Gabarito: B — I, II e IV.
Justificativa da alternativa correta
- I. Adultos com sintomas respiratórios, especialmente tosse com/sem expectoração ≥3 semanas, são “sintomáticos respiratórios” e devem coletar escarro para baciloscopia. Isso alinha-se ao MS: triagem ativa de tosse prolongada em adultos.
- II. Alterações pulmonares na radiografia que possam ser compatíveis com TB (infiltrados/apicoposteriores, cavitações, adenopatias) são indicação de investigação bacteriológica (baciloscopia, e idealmente TRM-TB/Xpert).
- IV. Contatos de caso bacilífero com queixas respiratórias devem realizar baciloscopia, pois têm maior probabilidade de doença ativa e de transmissibilidade.
Por que as demais alternativas estão incorretas?
- III. Quando a radiografia é suggestiva de pneumopatias não tuberculosas (ex.: pneumonia bacteriana típica lobar, abscesso claro, neoplasia típica), não é indicação “sempre” de baciloscopia. Investiga-se TB quando há suspeita clínica/radiológica para TB; se a imagem afasta TB, a coleta de escarro não é mandatória. A pegadinha é o termo “não tuberculosas”, que exclui a hipótese principal.
- A (I, II, III): inclui o item III, que não é indicação rotineira.
- C (I, III, IV): novamente incorpora o III indevidamente e omite o II, que é indicação clássica.
- D (I, II, III, IV): incorreta por incluir o III.
Estratégia de prova: Identifique palavras-chave: “tosse ≥3 semanas”, “alterações radiográficas compatíveis”, “contato bacilífero sintomático”. Desconfie de afirmações absolutas que indiquem baciloscopia quando a própria alternativa diz que as imagens são “não tuberculosas”.
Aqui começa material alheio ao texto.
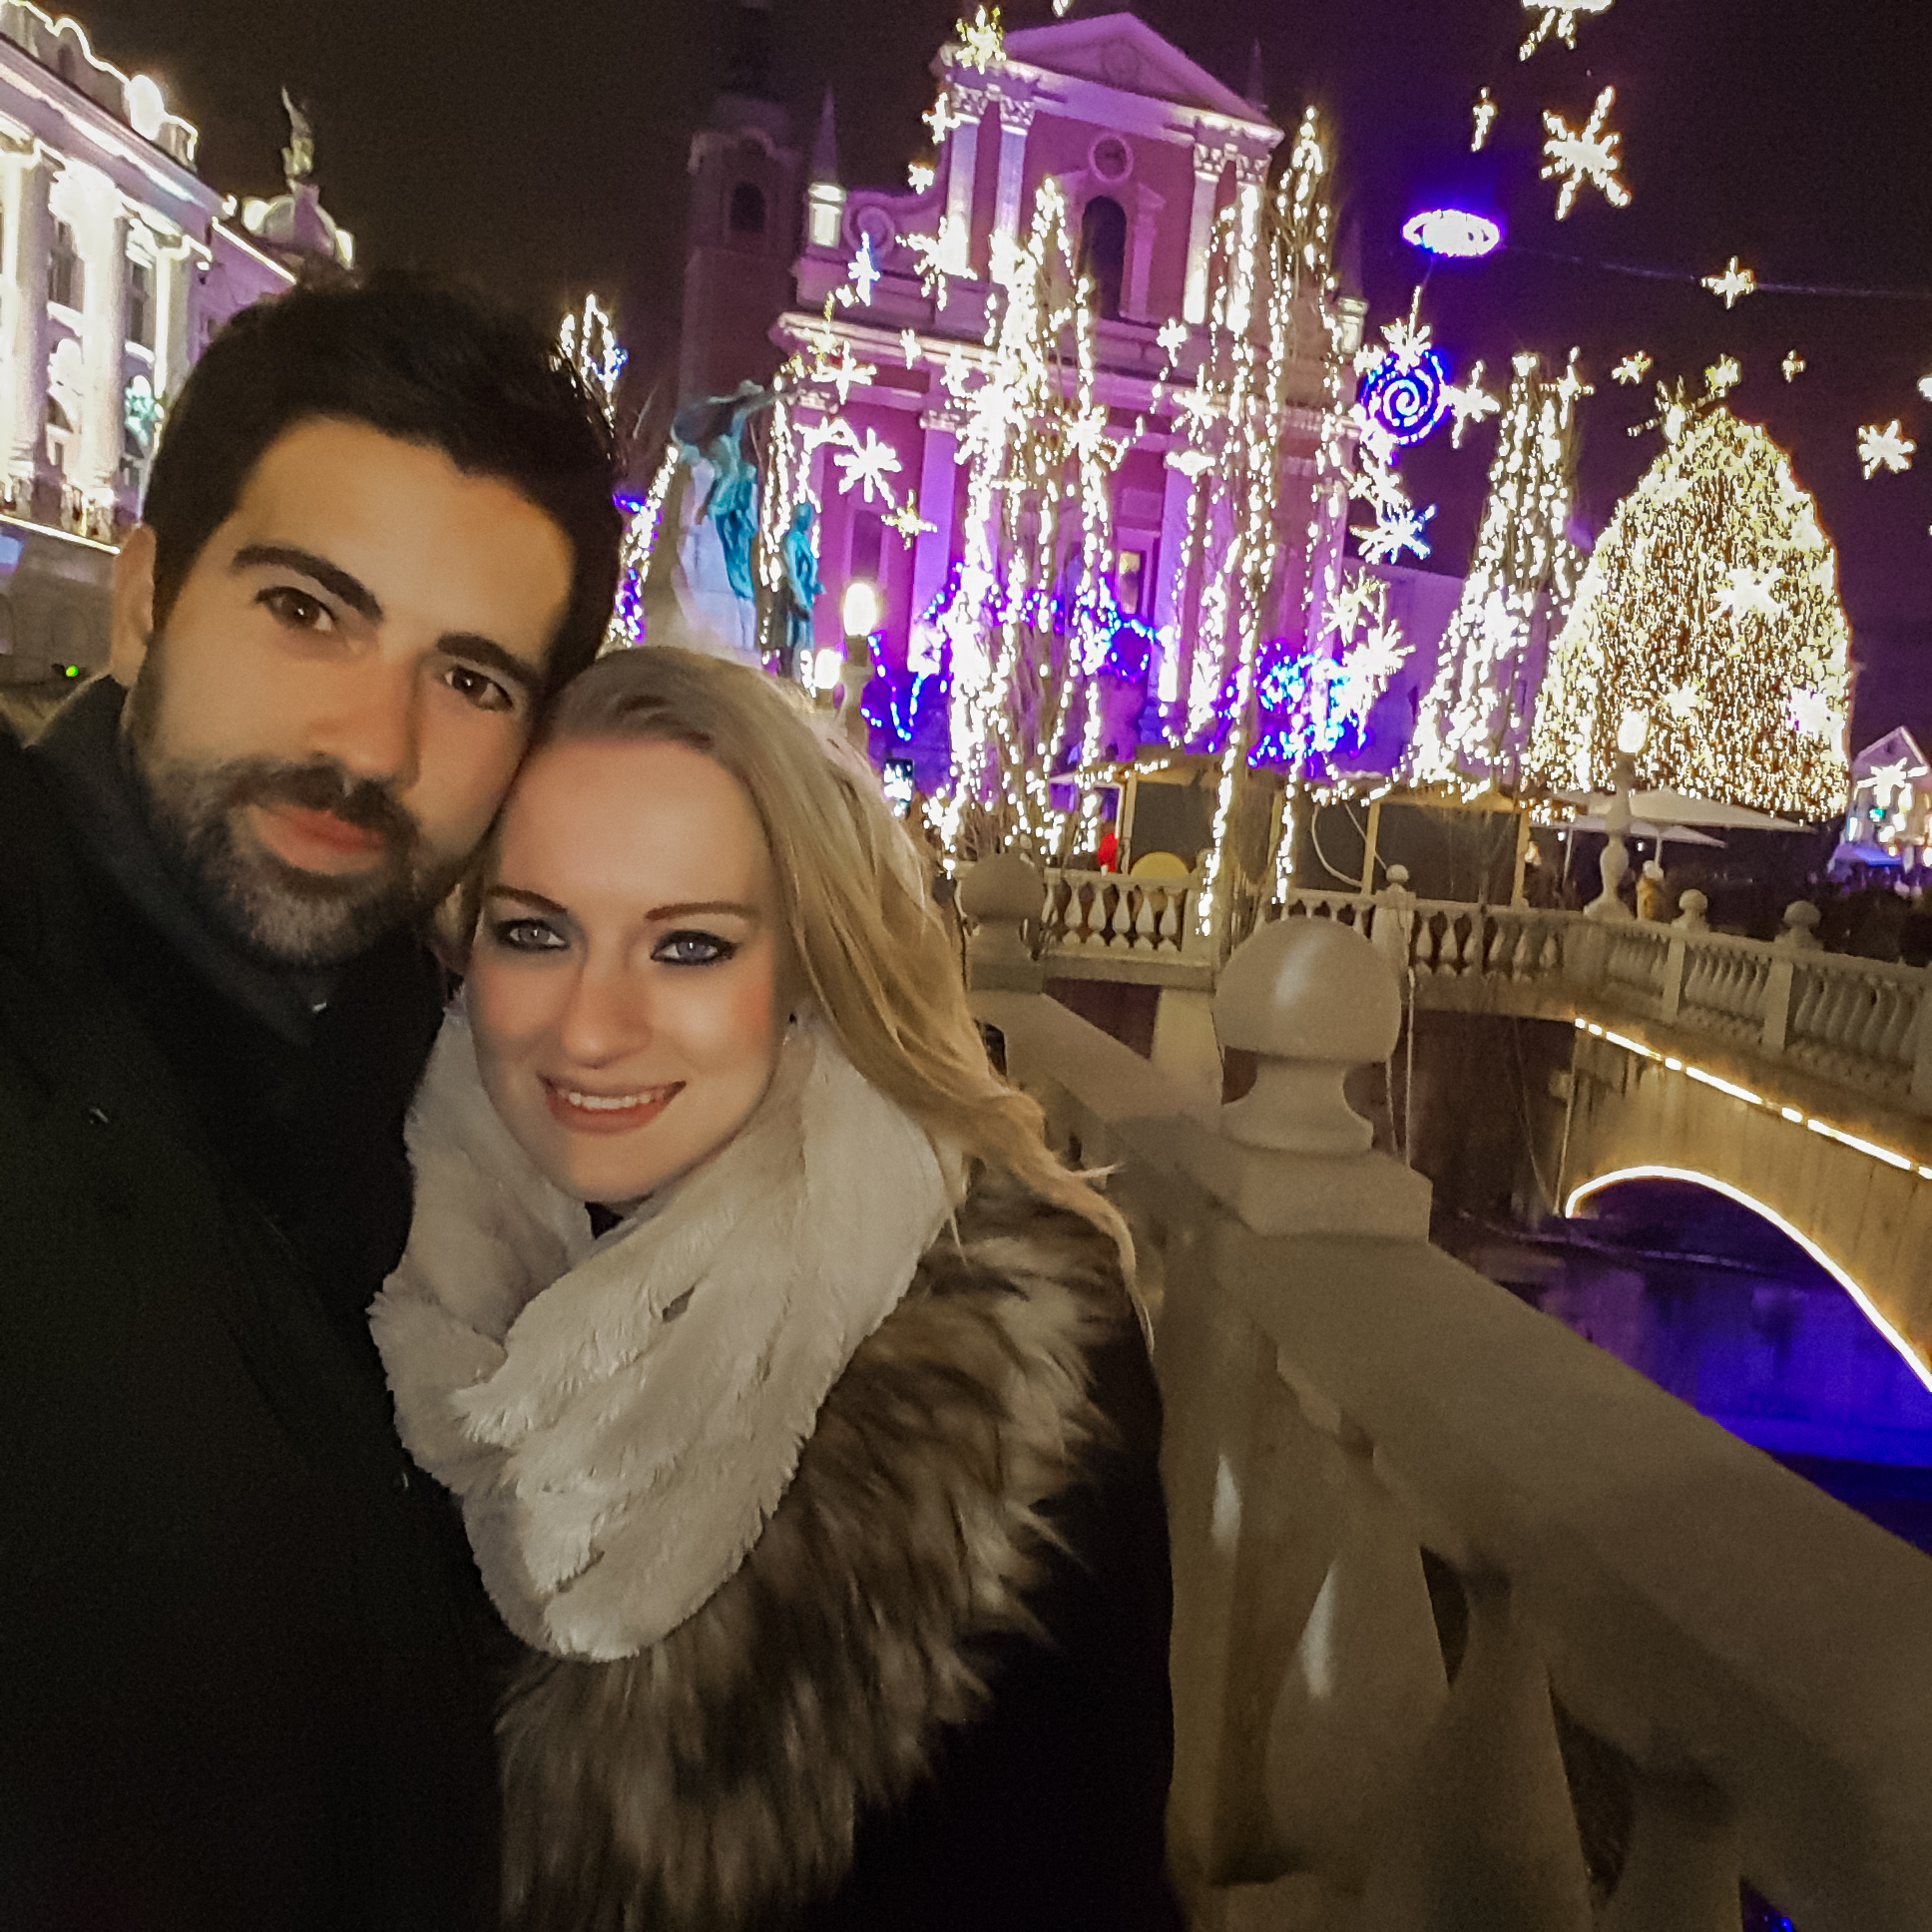 Couple posing with Christmas lights in Ljubljana, Slovenia

Complemento prático: Sintomas de TB: tosse crônica, febre vespertina, sudorese noturna, emagrecimento. Exames: baciloscopia (duas amostras), TRM-TB/Xpert como teste inicial preferencial quando disponível (MS/OMS), cultura e teste de sensibilidade, radiografia. A baciloscopia permanece crucial para avaliar infectividade e monitorar tratamento.
Referências: Ministério da Saúde – Manual de Recomendações para o Controle da Tuberculose; OMS – Consolidated guidelines on TB; Harrison’s Principles of Internal Medicine; UpToDate.